[Start of Attachment]
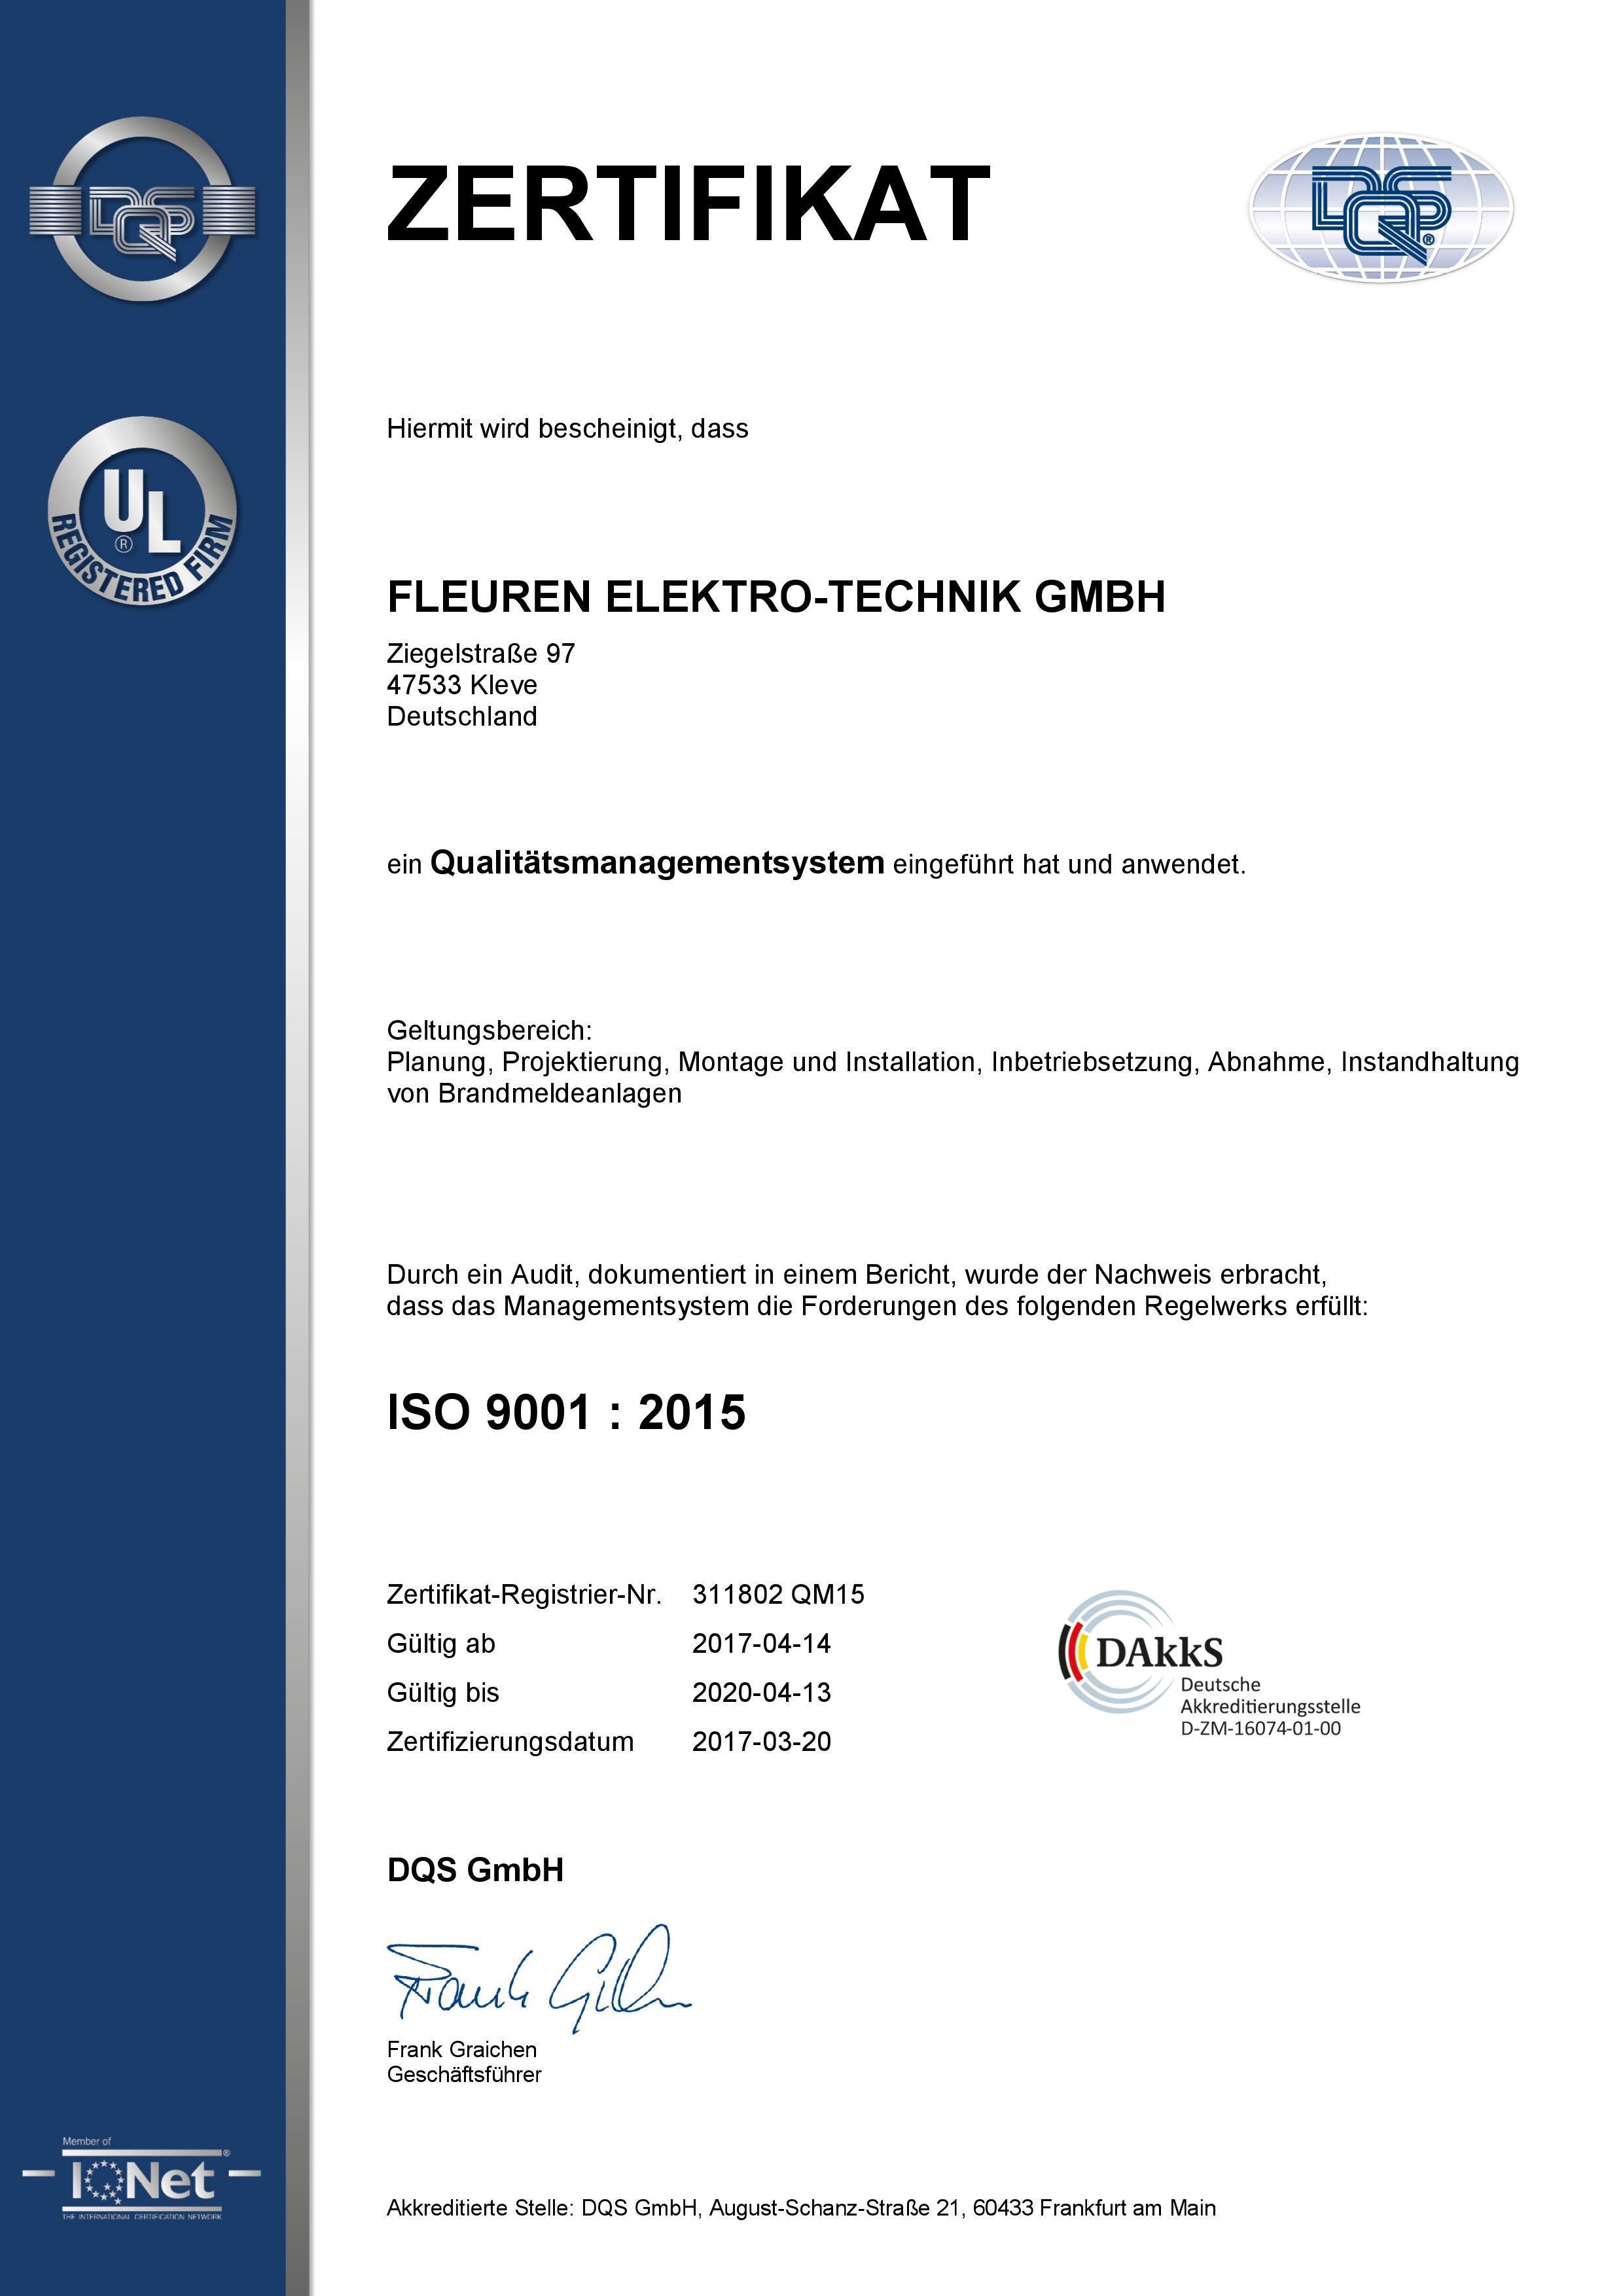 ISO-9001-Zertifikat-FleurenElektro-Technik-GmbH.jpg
[End of Attachment]
[Start of Attachment]
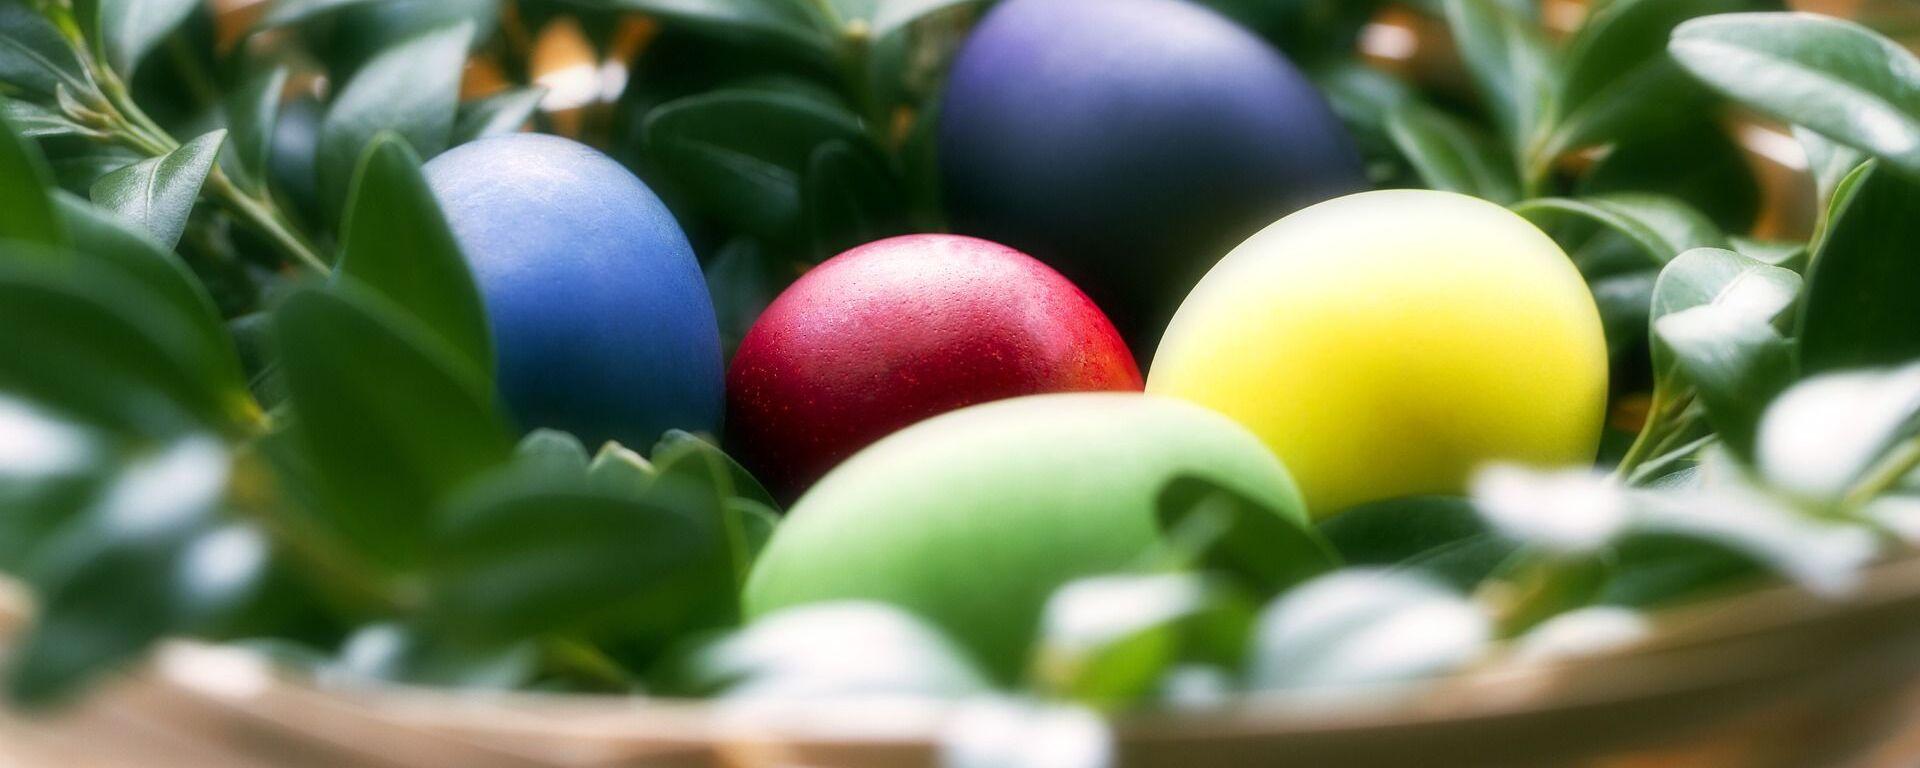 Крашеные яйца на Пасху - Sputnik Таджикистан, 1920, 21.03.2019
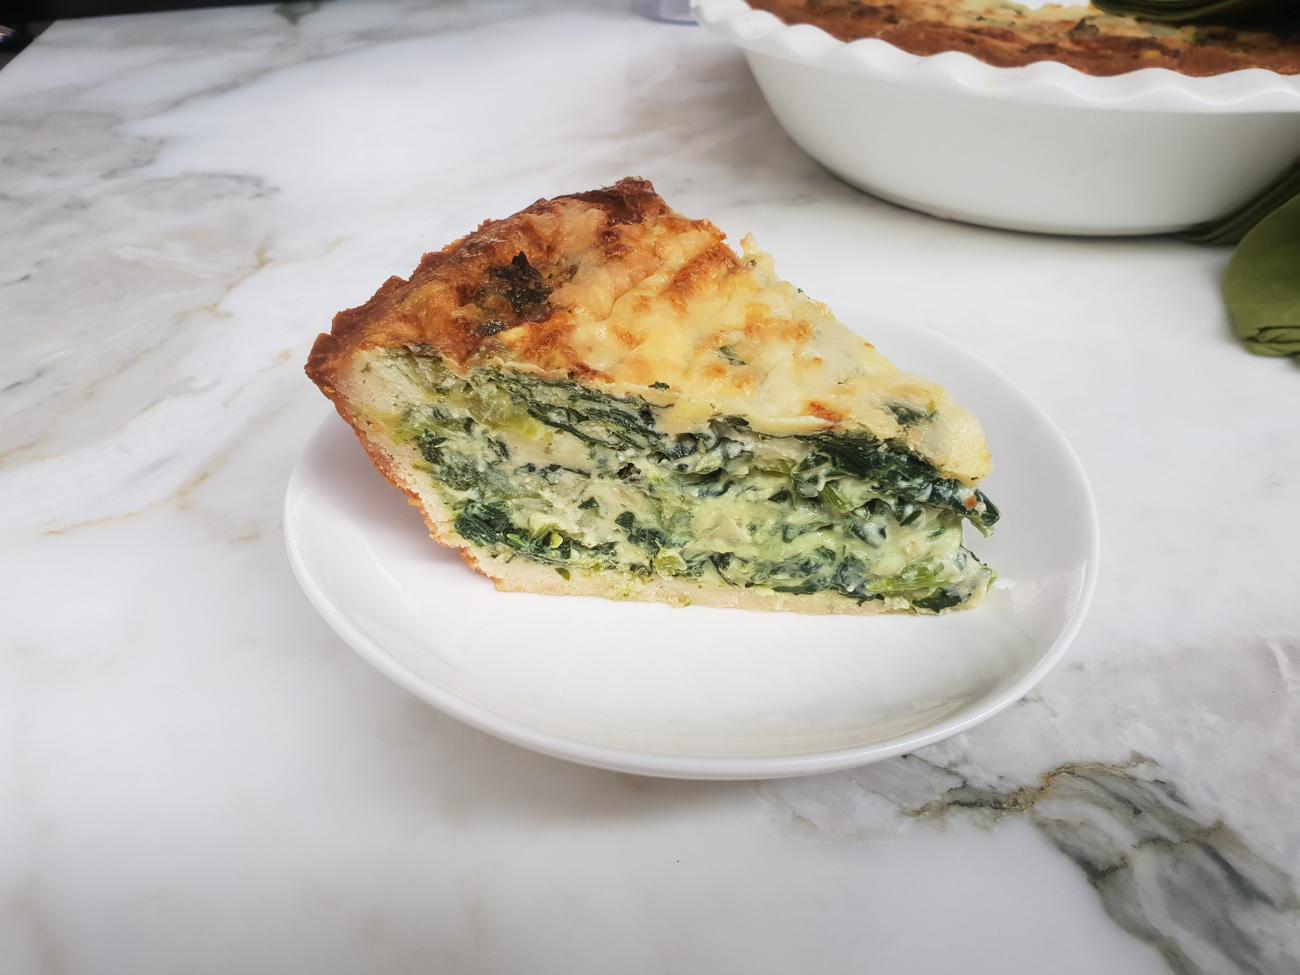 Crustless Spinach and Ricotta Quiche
[End of Attachment]
Give back the exact lines above, running from the one that has "Крашеные яйца на" through the one that has "Crustless Spinach and Ricotta Quiche", with nothing added and no pictures.

 Крашеные яйца на Пасху - Sputnik Таджикистан, 1920, 21.03.2019
 Crustless Spinach and Ricotta Quiche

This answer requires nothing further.